→ **What this task involves**:
Once you find the line with "dicks argentina jersey | www" in the data below, transcribe exactly each line from there to the line with "Little Steven - Freedom, No", inclusive, and nothing else. Drop the pictures.

→ **Recorded data**:
☆ ☆ ☆ ☆ ☆ ☆ ☆

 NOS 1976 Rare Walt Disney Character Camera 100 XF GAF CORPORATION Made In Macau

☆ ☆ ☆ ☆ ☆ ☆ ☆

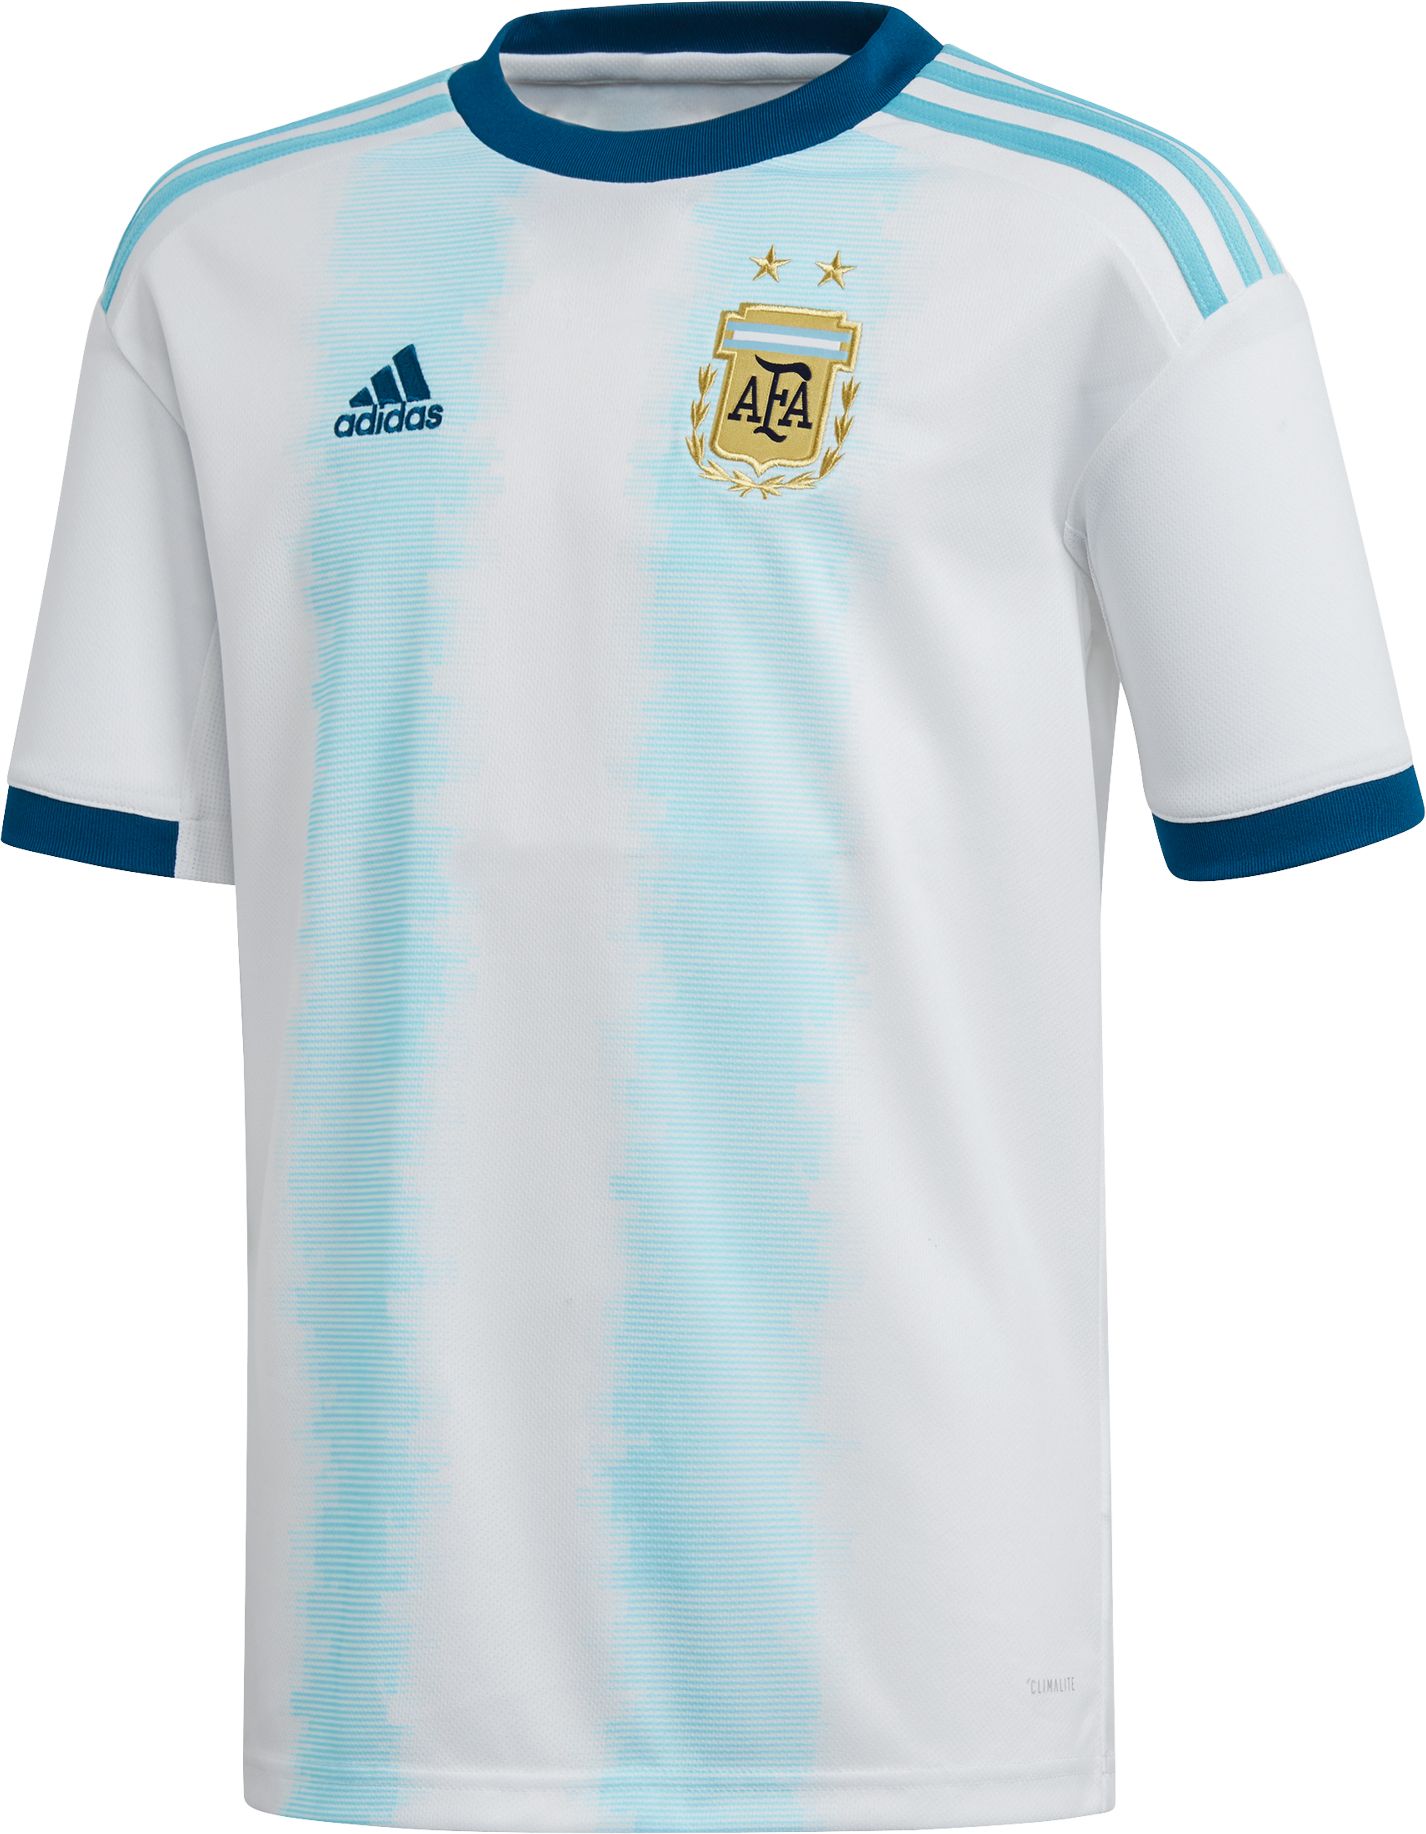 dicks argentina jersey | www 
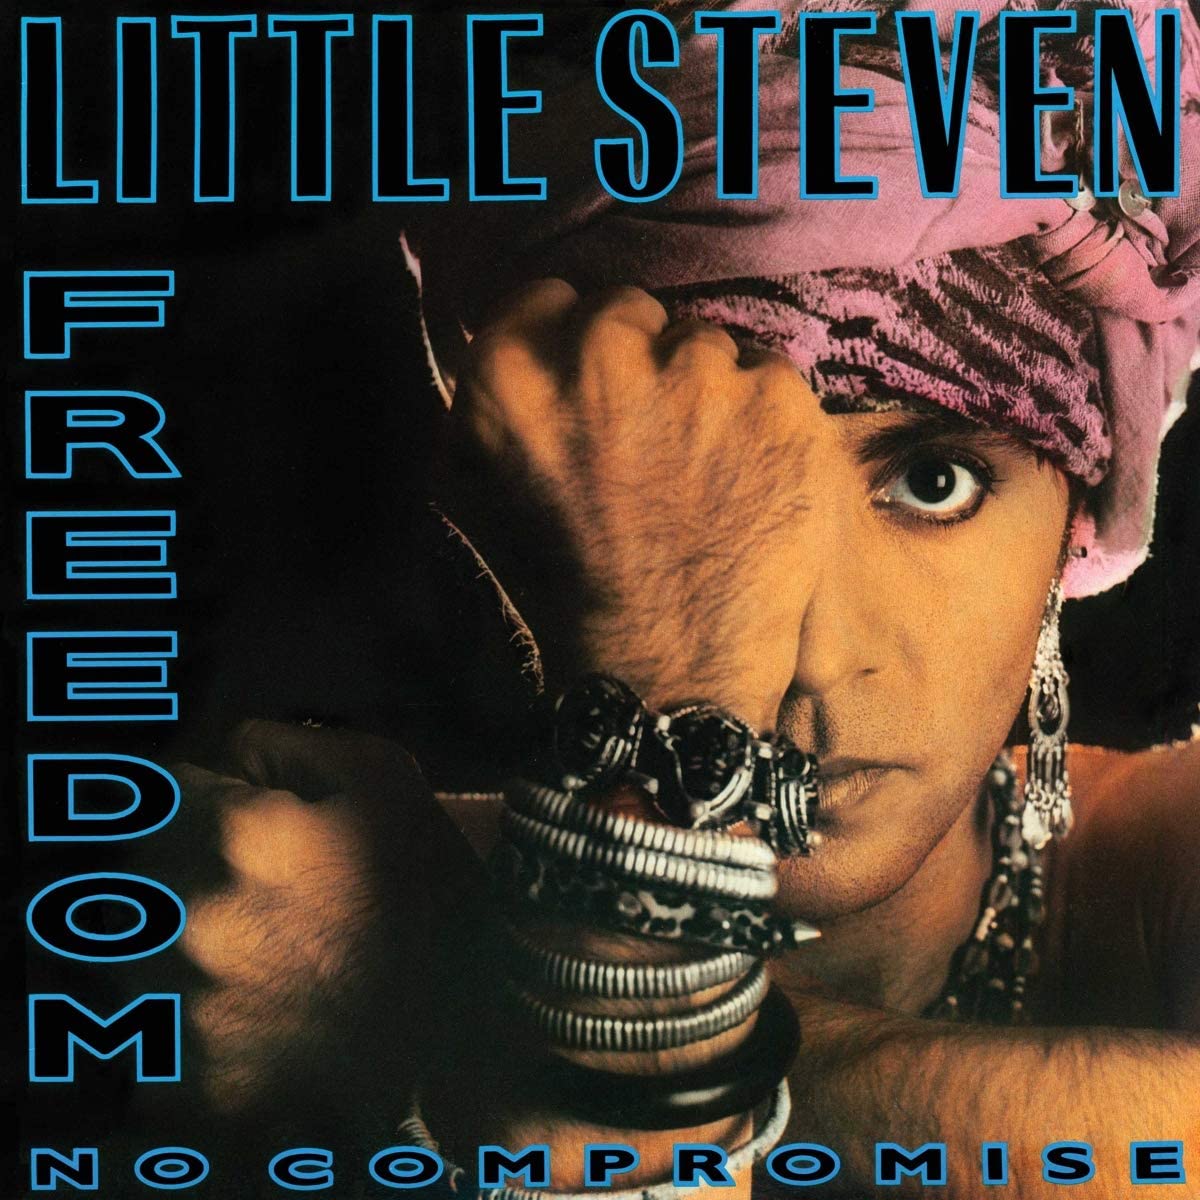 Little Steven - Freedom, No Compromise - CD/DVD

☆ ☆ ☆ ☆ ☆ ☆ ☆

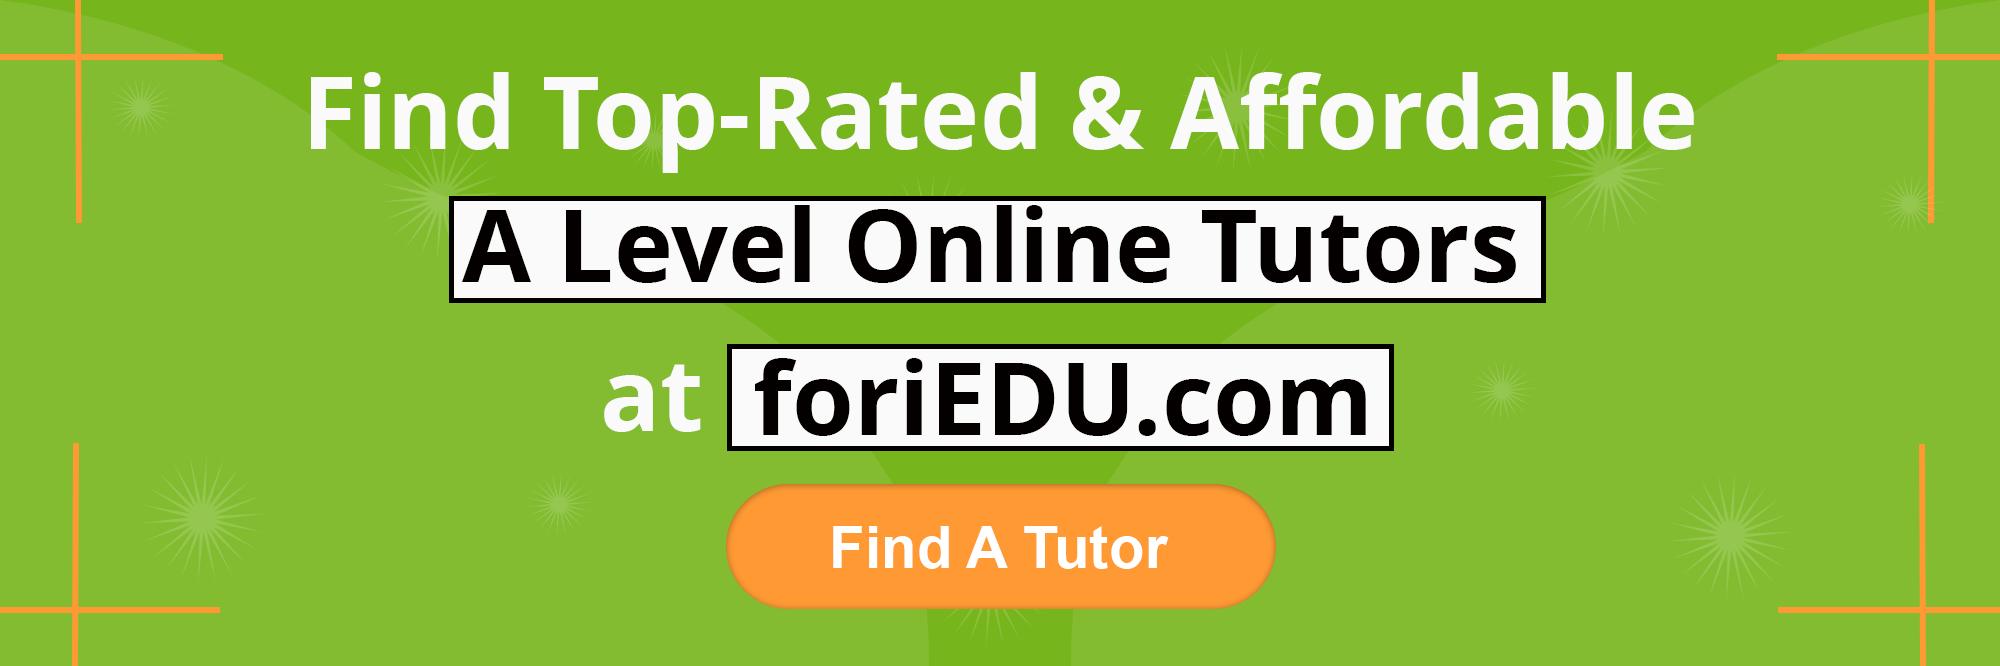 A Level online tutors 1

☆ ☆ ☆ ☆ ☆ ☆ ☆

→ **Answer section**:
 dicks argentina jersey | www 
 Little Steven - Freedom, No Compromise - CD/DVD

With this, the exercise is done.